REQUIRED ACTION: Each line from the one holding "Why Your HOA" to the last line of the listing must be set down exactly. No pictures are to be included.

RECORDED INFORMATION:
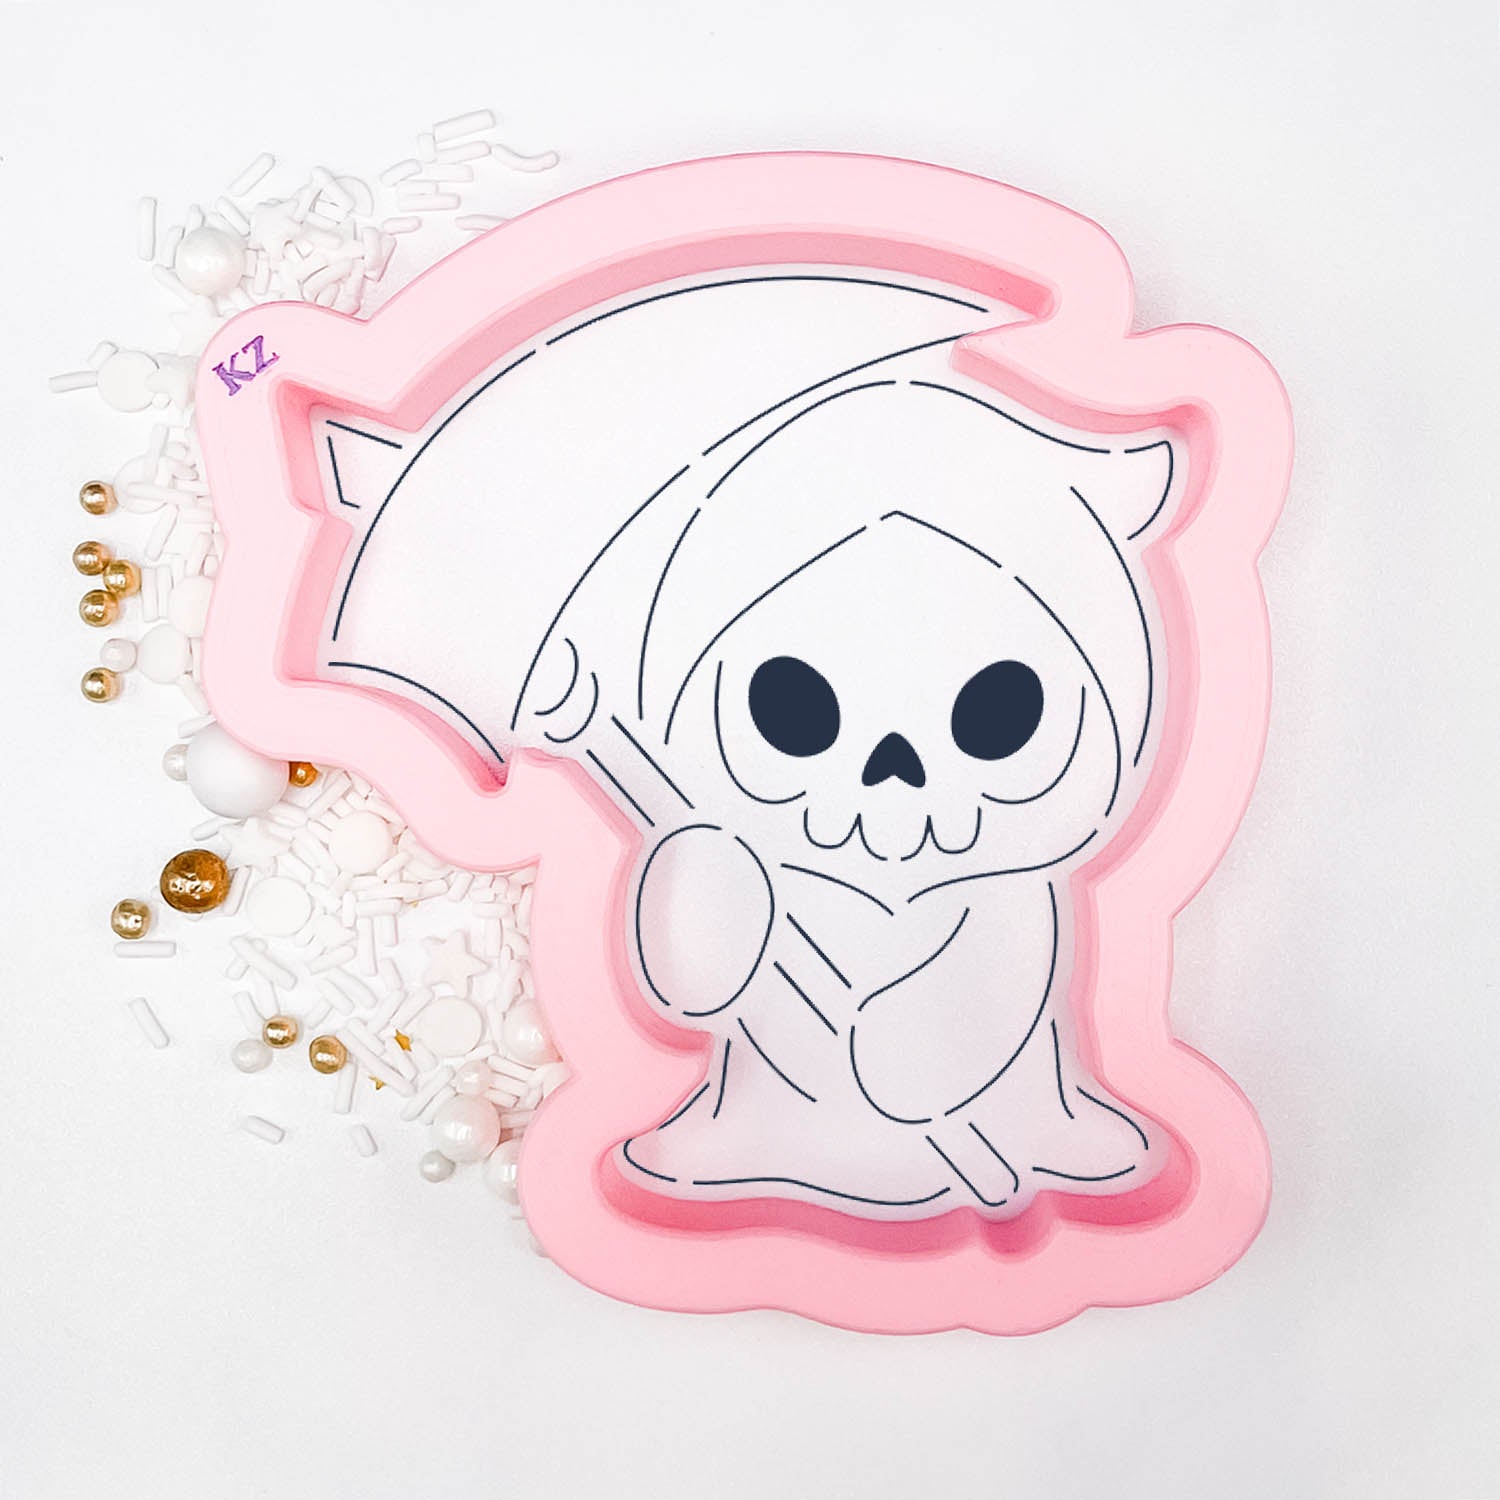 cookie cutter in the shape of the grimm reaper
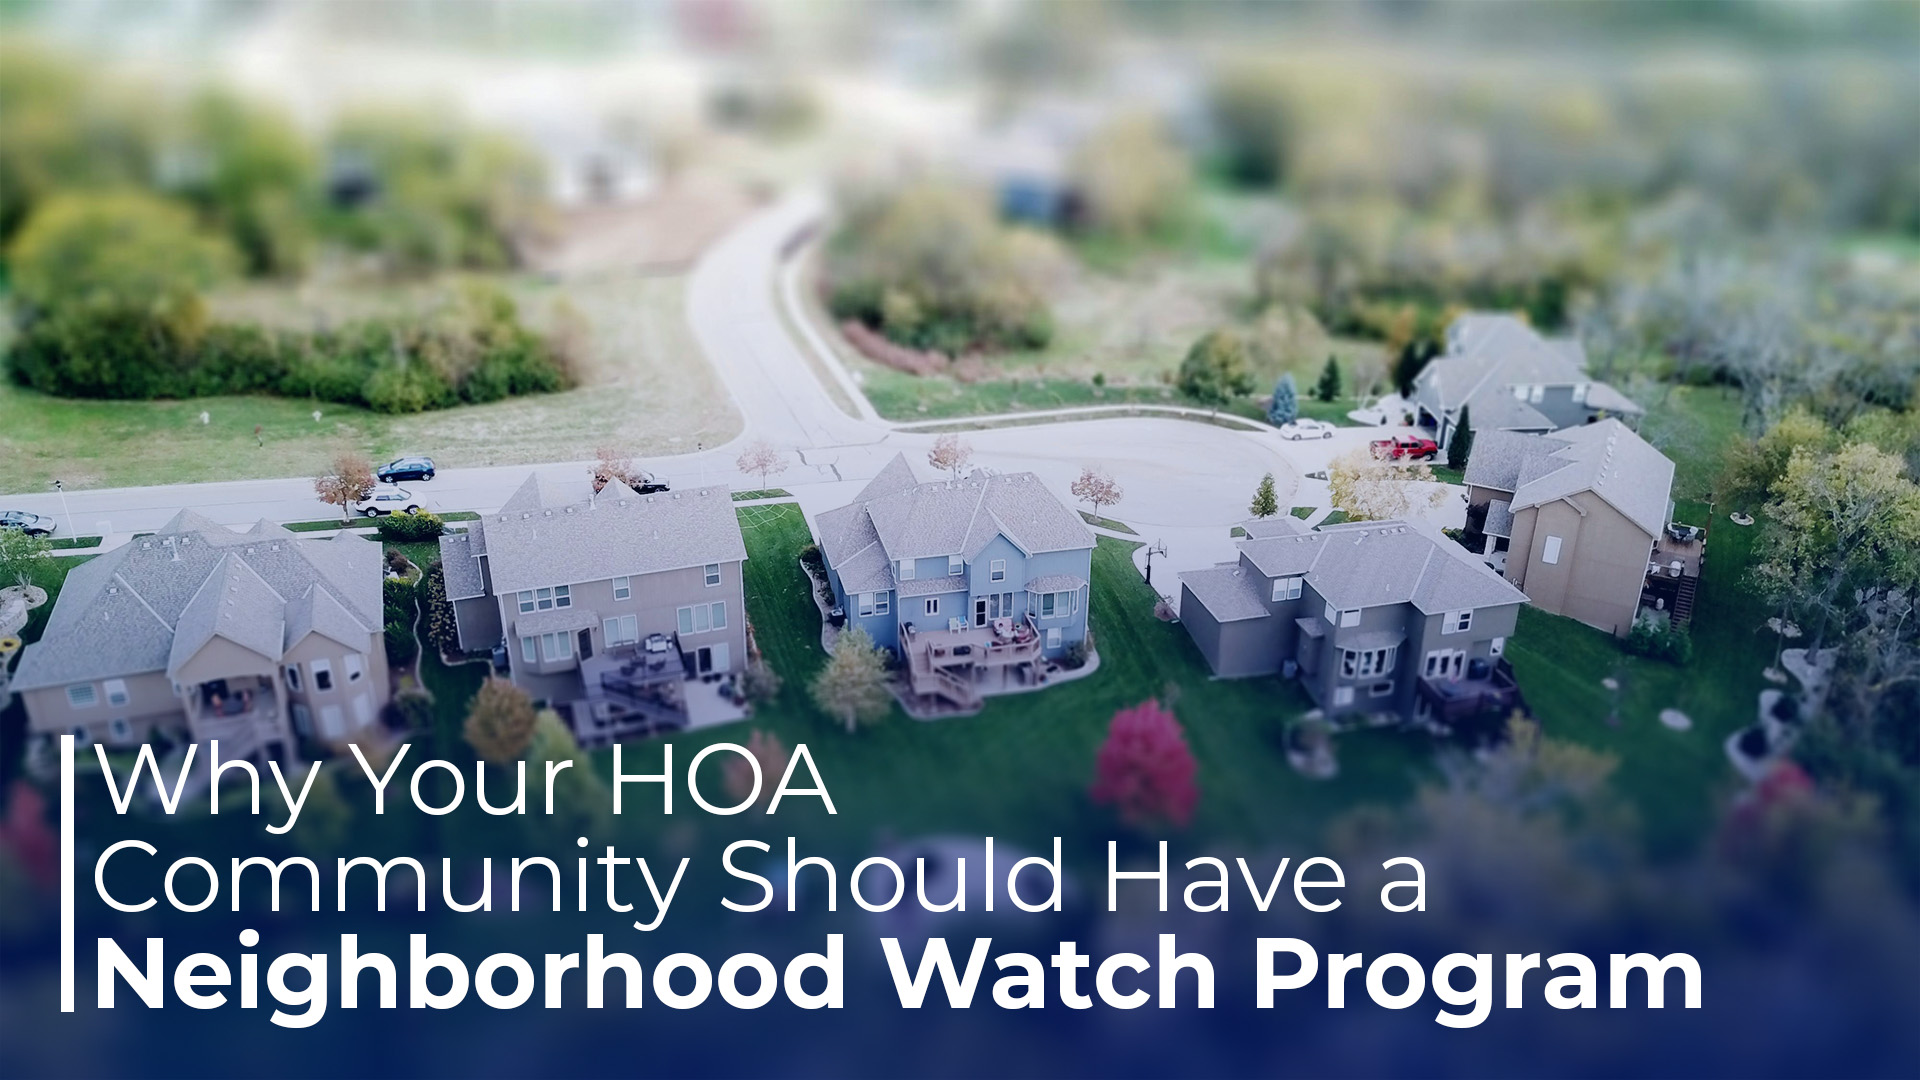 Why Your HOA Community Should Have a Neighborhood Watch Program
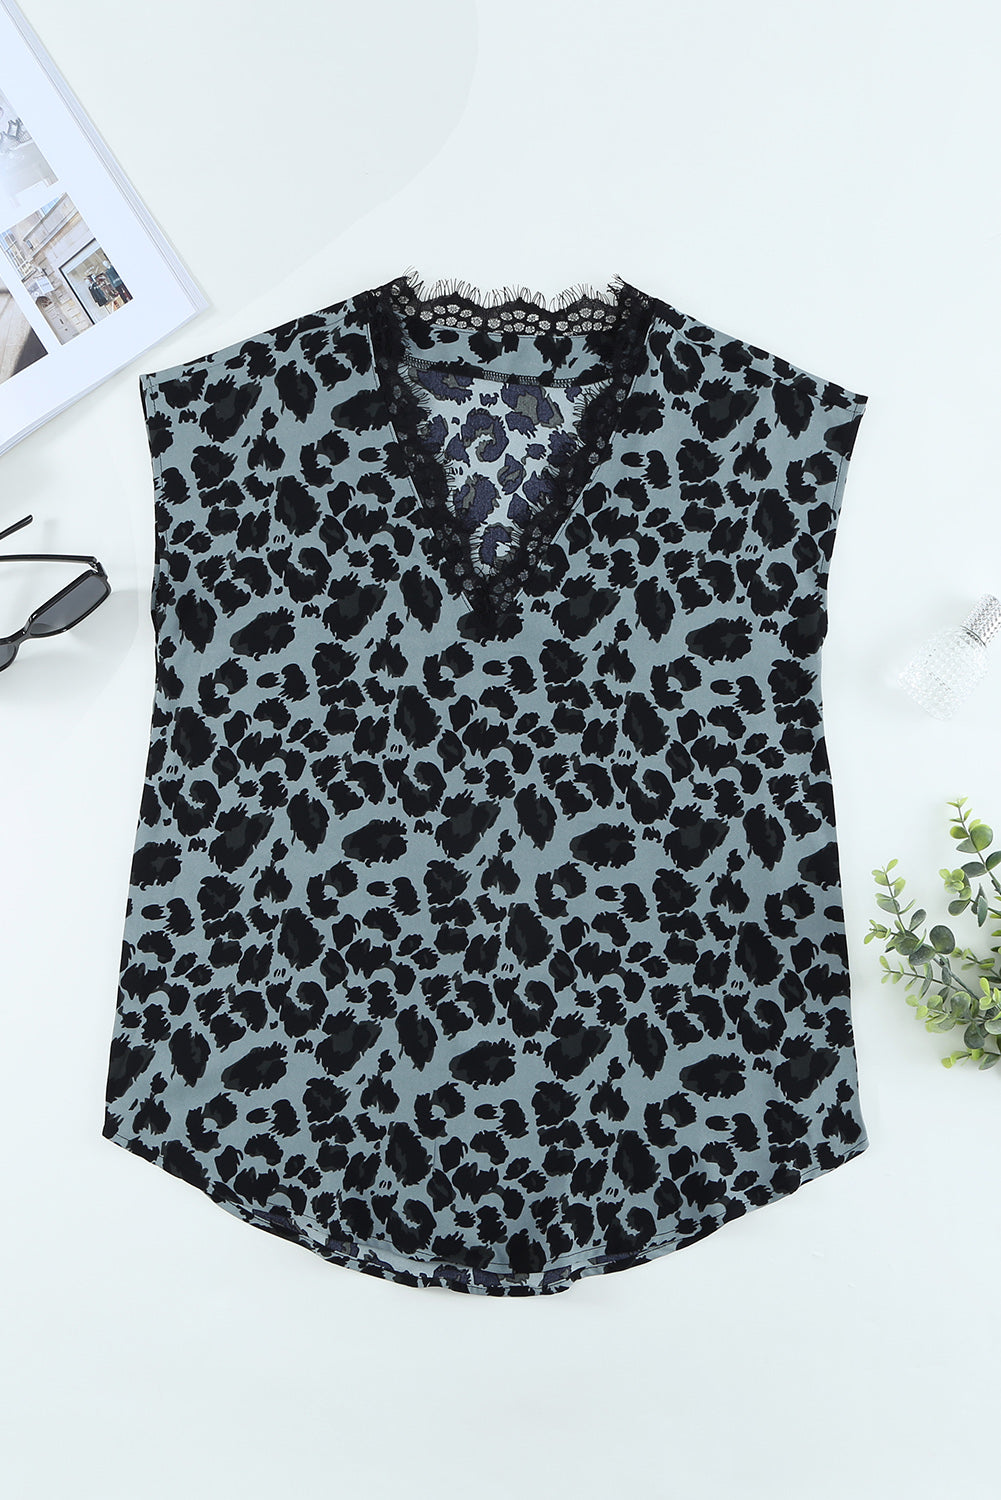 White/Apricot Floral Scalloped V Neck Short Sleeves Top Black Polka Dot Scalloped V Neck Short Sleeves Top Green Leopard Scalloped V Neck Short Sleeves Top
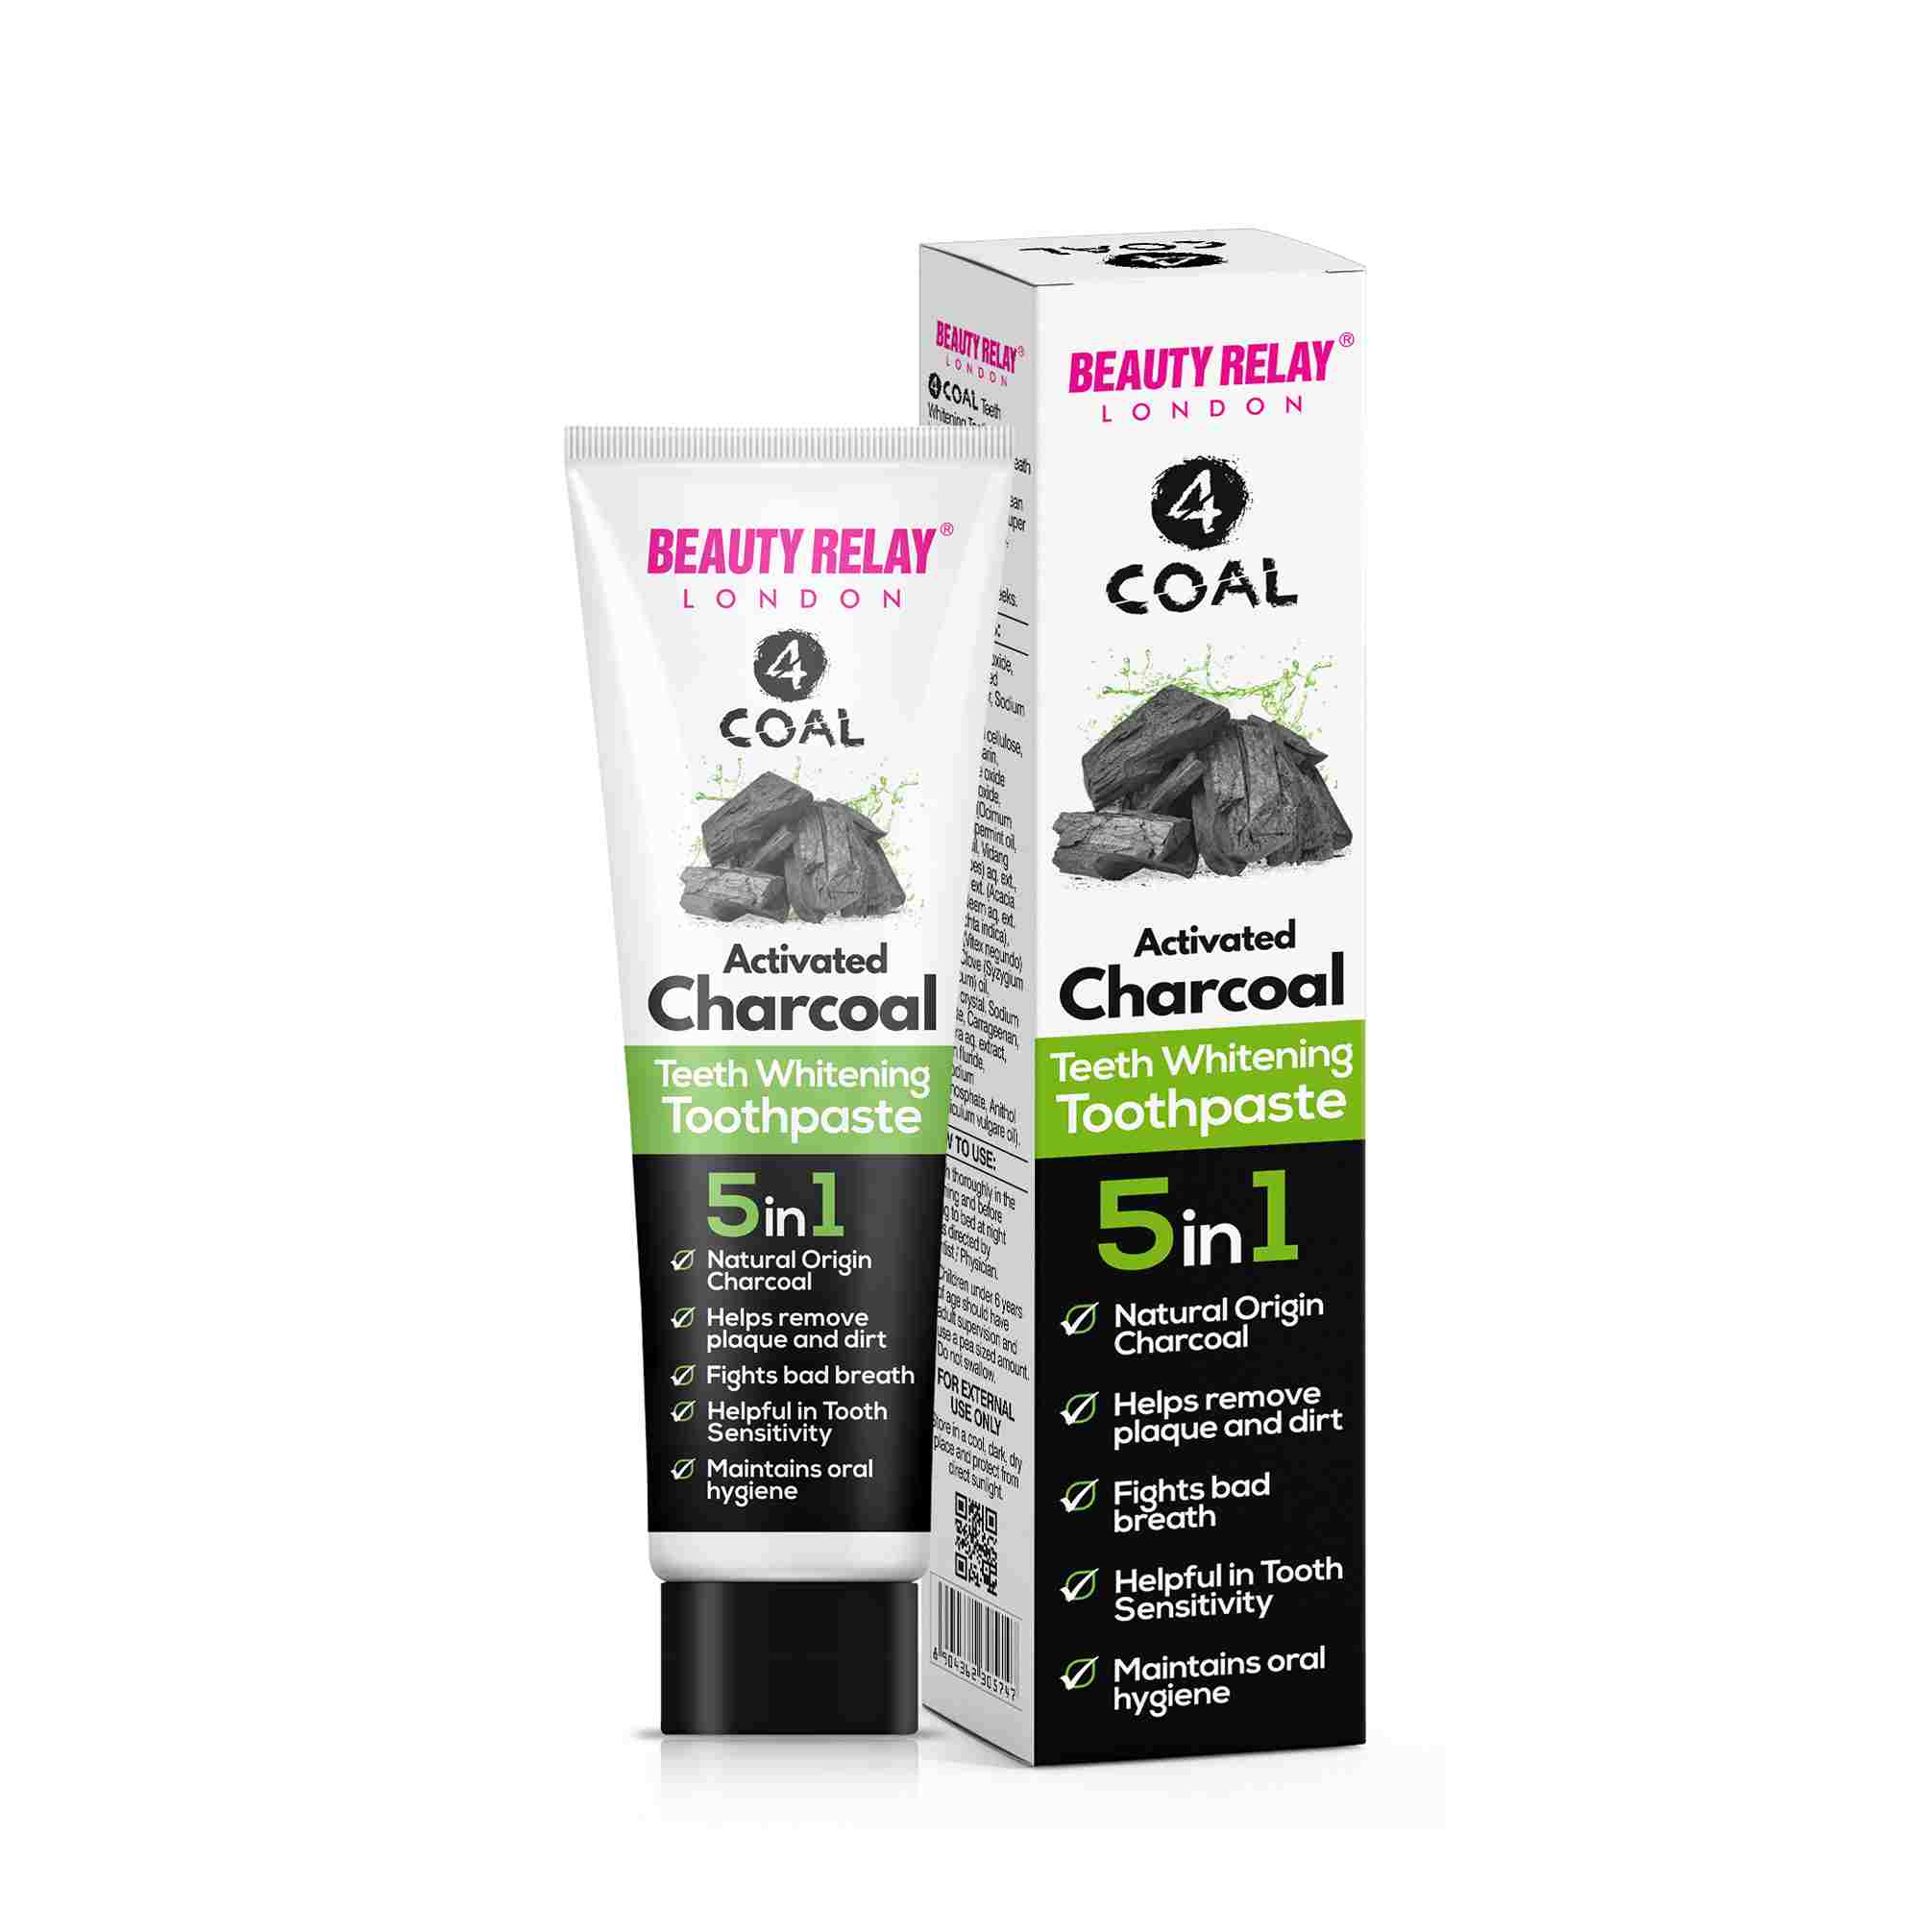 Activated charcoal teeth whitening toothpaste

TASK RESULT:
 Why Your HOA Community Should Have a Neighborhood Watch Program
 White/Apricot Floral Scalloped V Neck Short Sleeves Top Black Polka Dot Scalloped V Neck Short Sleeves Top Green Leopard Scalloped V Neck Short Sleeves Top
 Activated charcoal teeth whitening toothpaste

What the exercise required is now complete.